The bailiff combined the personae of chief law officer and business manager of the manor. He represented the lord both to the villagers and to strangers, thus acting as a protector of the village against men of another lord. His overriding concern, however, was management of the demesne, seeing that crops and stock were properly looked after and as little as possible stolen. He made sure the manor was supplied with what it needed from outside, at Elton a formidable list of purchases: millstones, iron, building timber and stone, firewood, nails, horseshoes, carts, cartwheels, axles, iron tires, salt, candles, parchment, cloth, utensils for dairy and kitchen, slate, thatch, quicklime, verdigris, quicksilver, tar, baskets, livestock, food.

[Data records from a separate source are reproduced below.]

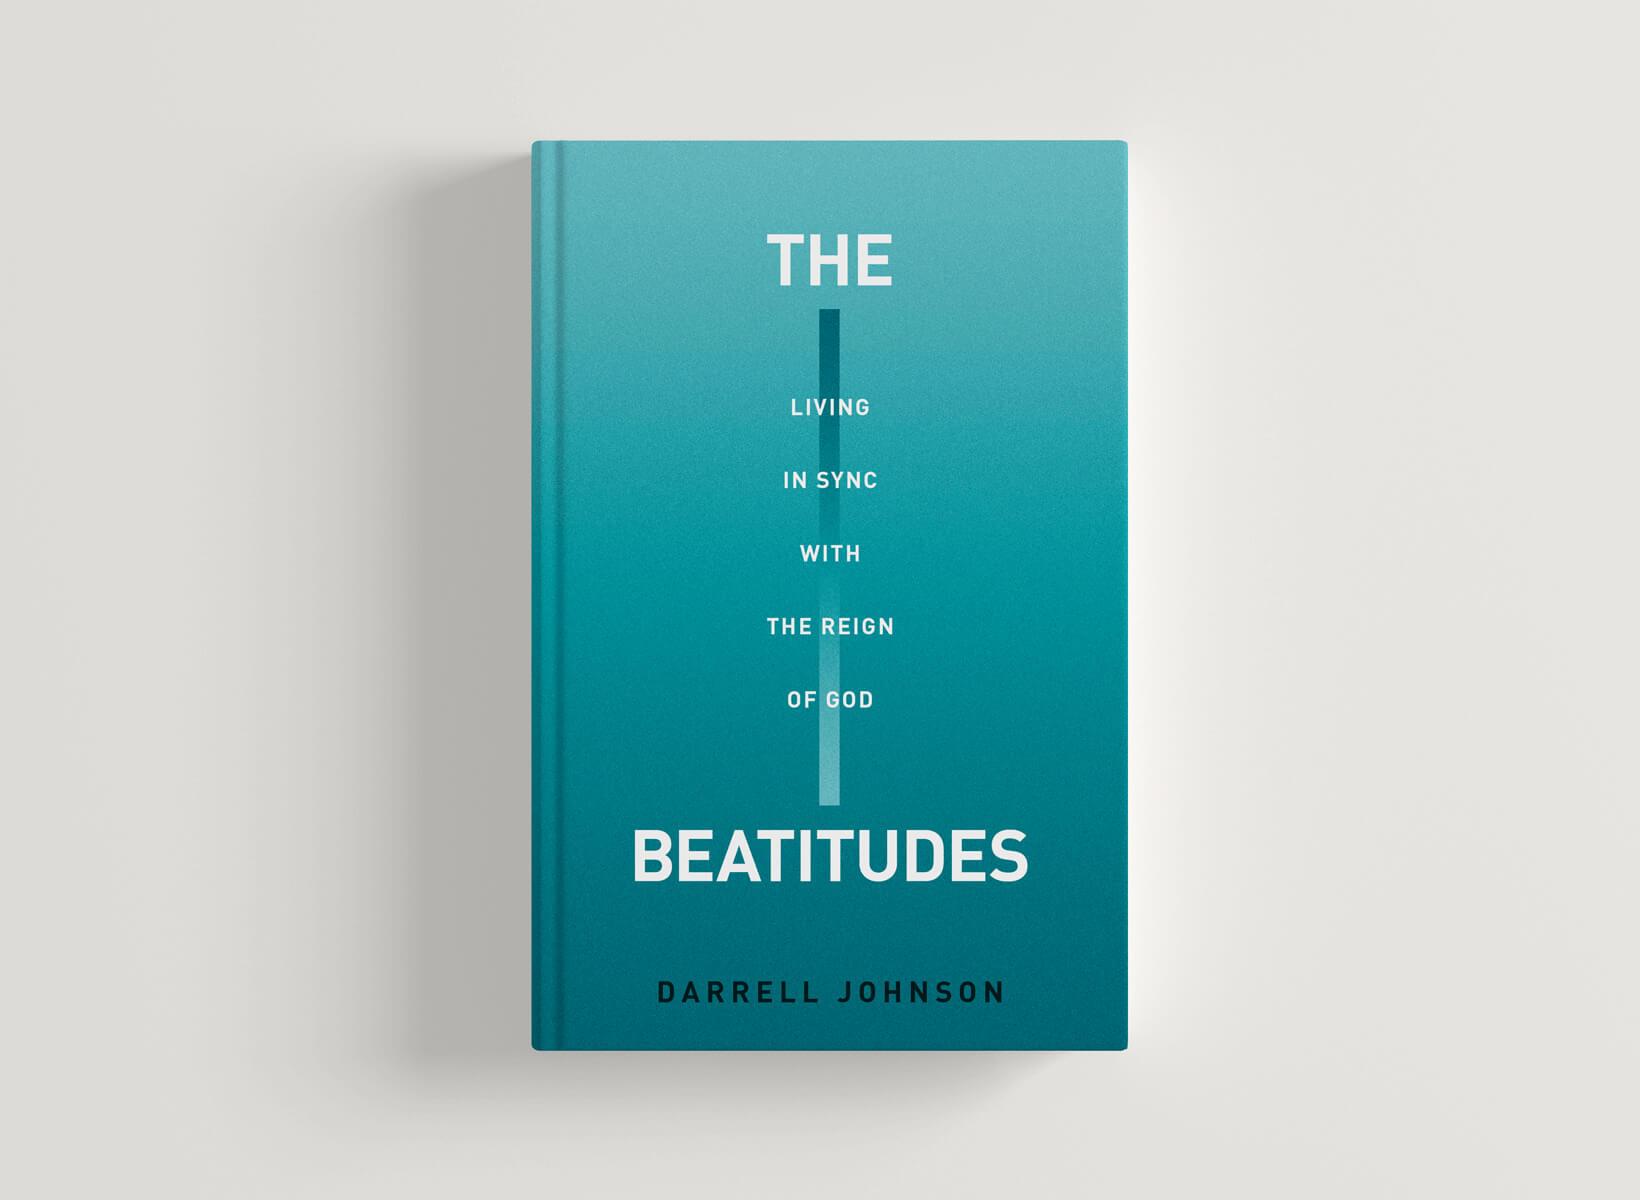 The Beatitudes Darrell Johnson
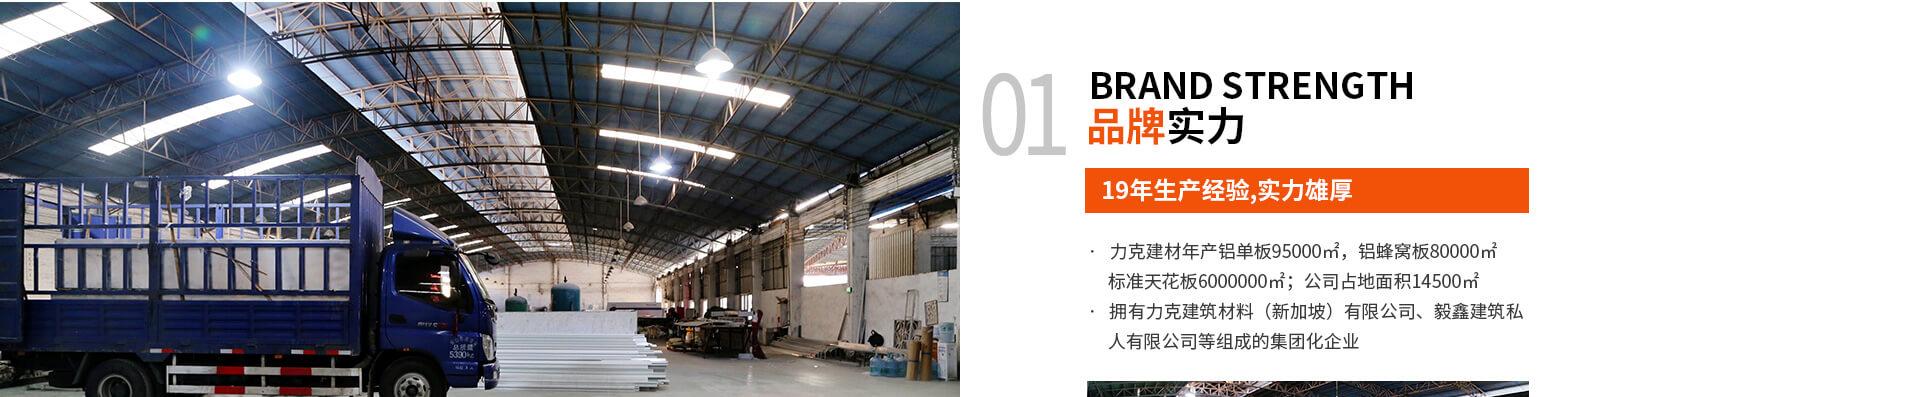 01 BRAND STRENGTH 品牌实力 19年生产经验,实力雄厚 ·   力克建材年产铝单板95000㎡,铝蜂窝板80000㎡                标准天花板6000000㎡;公司占地面积14500㎡           ·   拥有力克建筑材料(新加坡)有限公司、毅鑫建筑私                人有限公司等组成的集团化企业
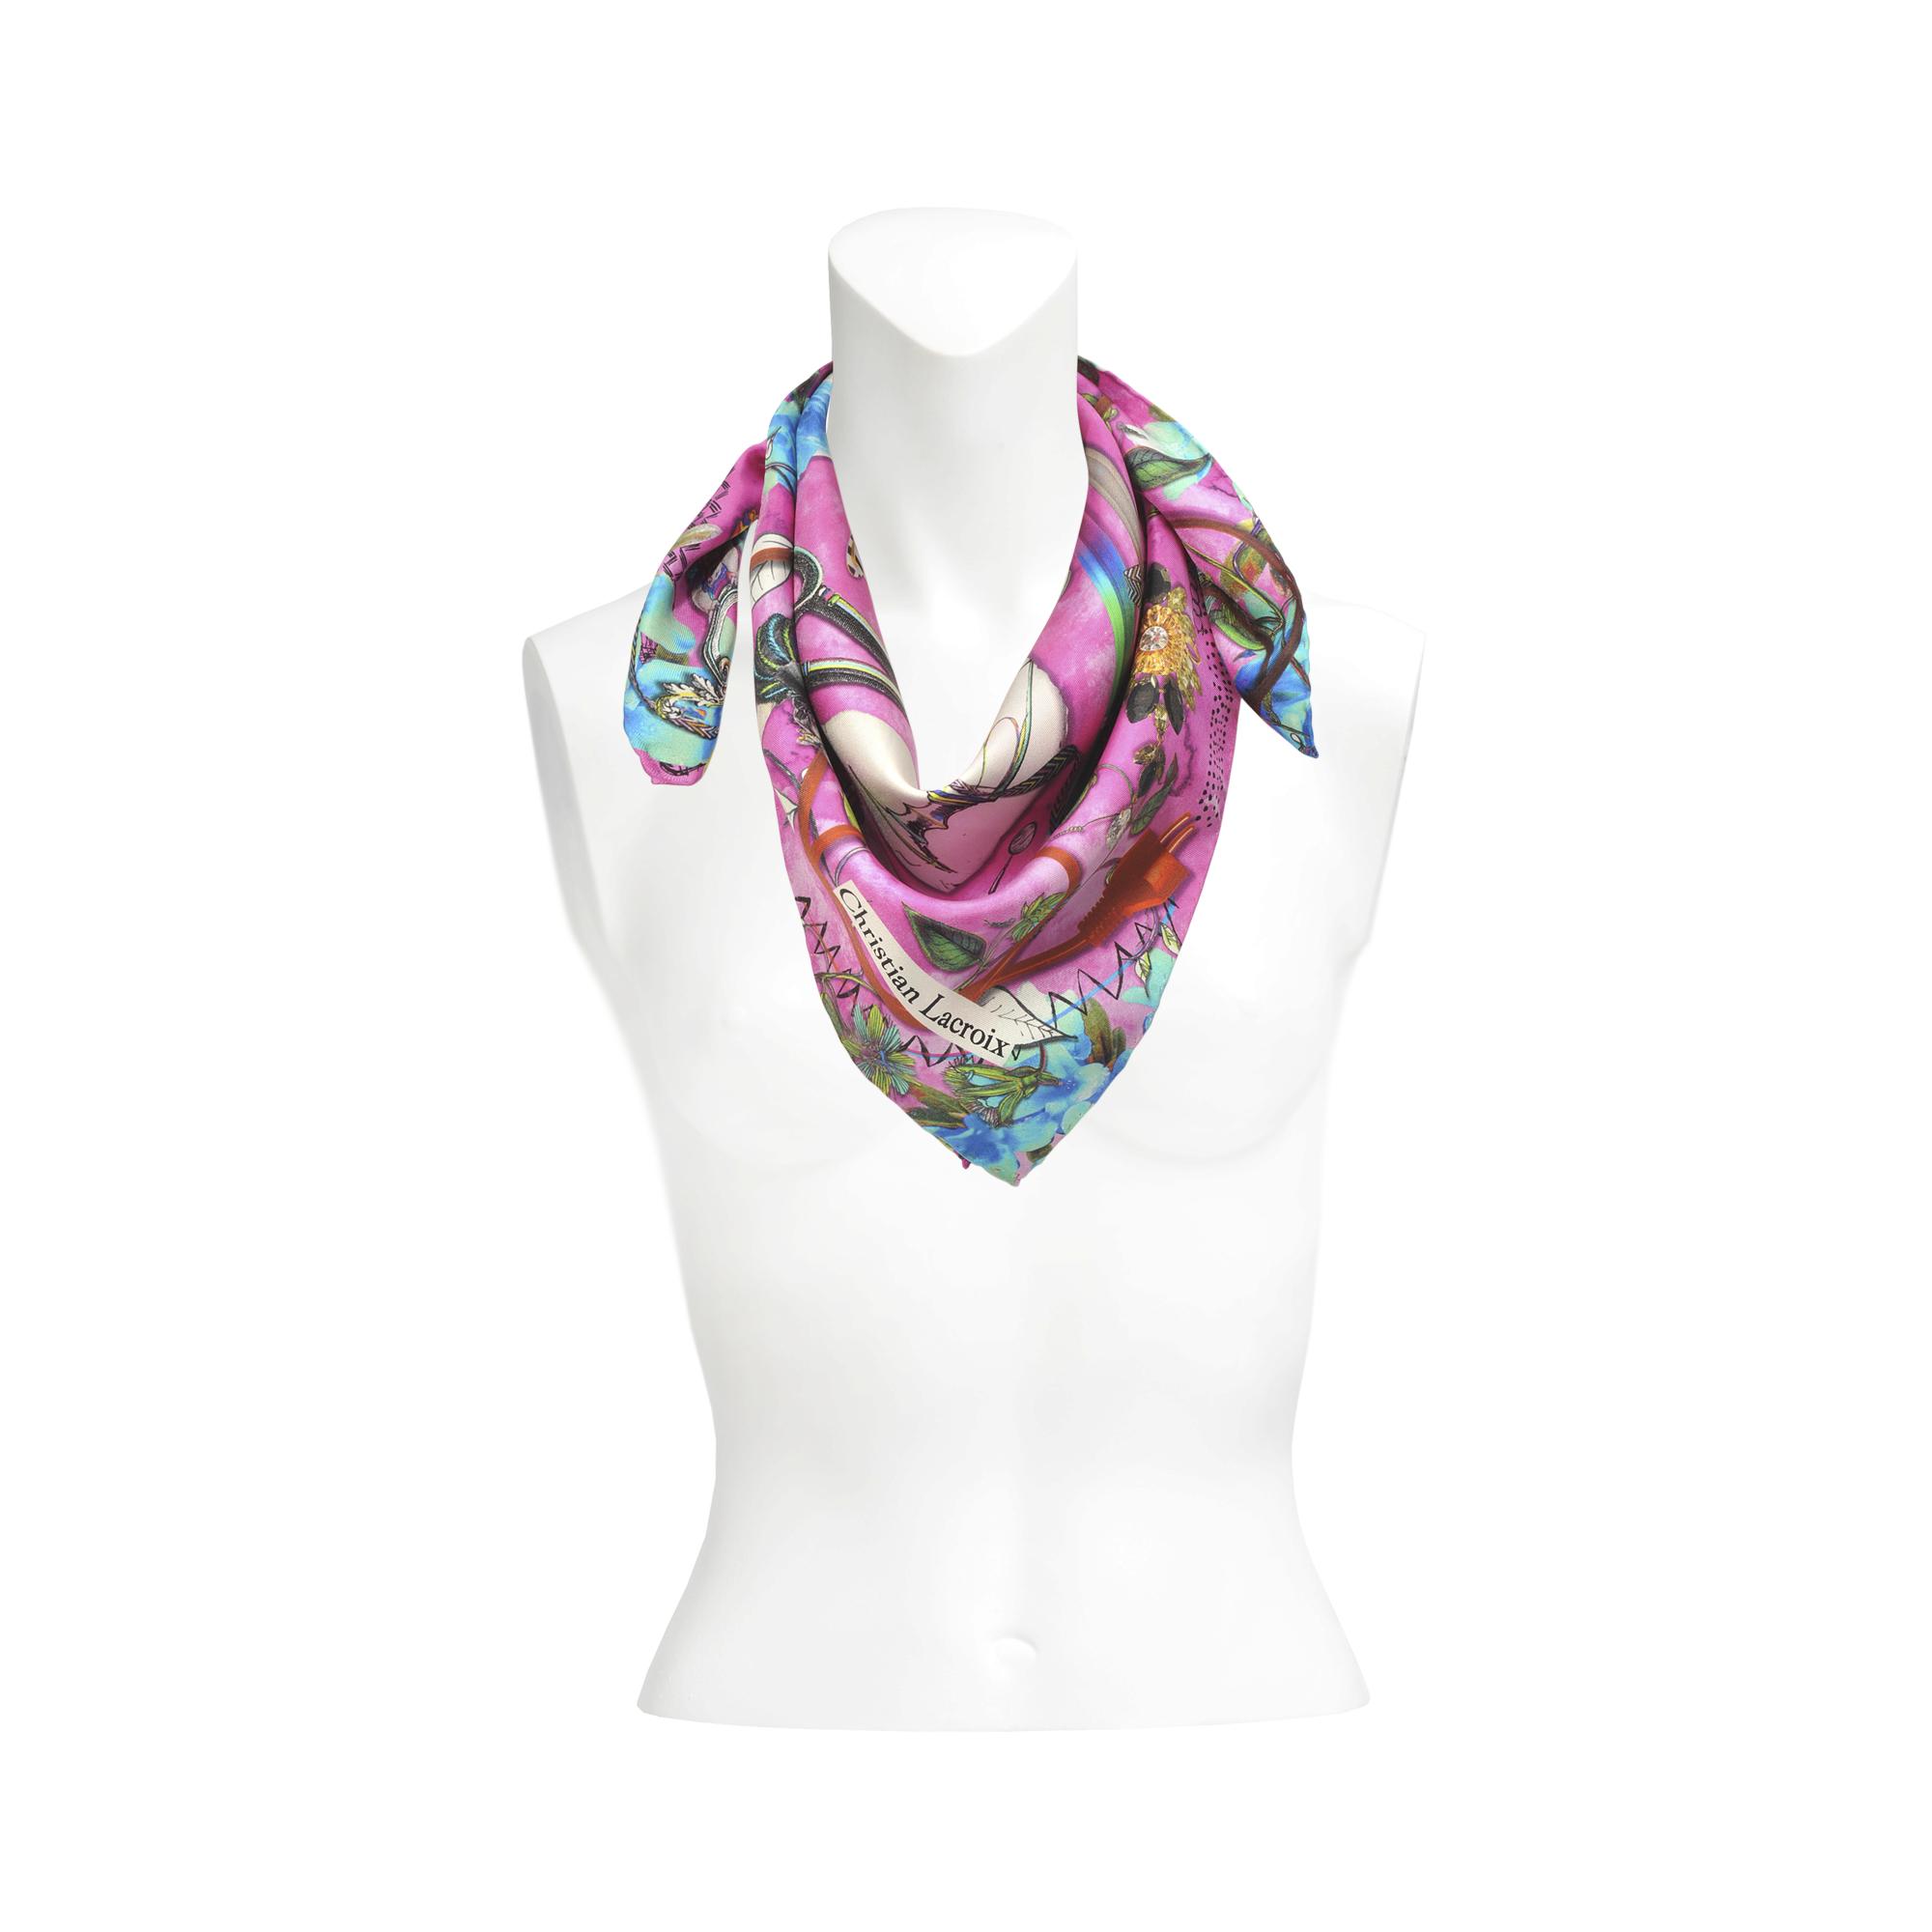 christian lacroix garden par tea silk scarf 70x70 in pink

These were bought principally at nearby market towns, Oundle, Peterborough, St. Neots, and at the Stamford and St. Ives fairs. The thirteenth-century manor was anything but self-sufficient.

Walter of Henley, himself a former bailiff, advised lords and stewards against choosing from their circle of kindred and friends, and to make the selection strictly on merit.
24
The bailiff was paid an excellent cash salary plus perquisites, at Elton twenty shillings a year plus room and board, a fur coat, fodder for his horse, and twopence to make his Christmas oblation (offering). Two other officials, subordinate to the bailiff, are mentioned in the Elton accounts: the
claviger
or macebearer, and the serjeant, but both offices seem to have disappeared shortly after 1300.
25

The bailiff’s residence was the lord’s manor house. Set clearly apart from the village’s collection of flimsy wattle-and-daub dwellings, the solid-stone, buttressed manor house contrasted with them in its ample interior space and at least comparative comfort. The main room, the hall, was the setting for the manorial court, but otherwise remained at the bailiff’s disposal.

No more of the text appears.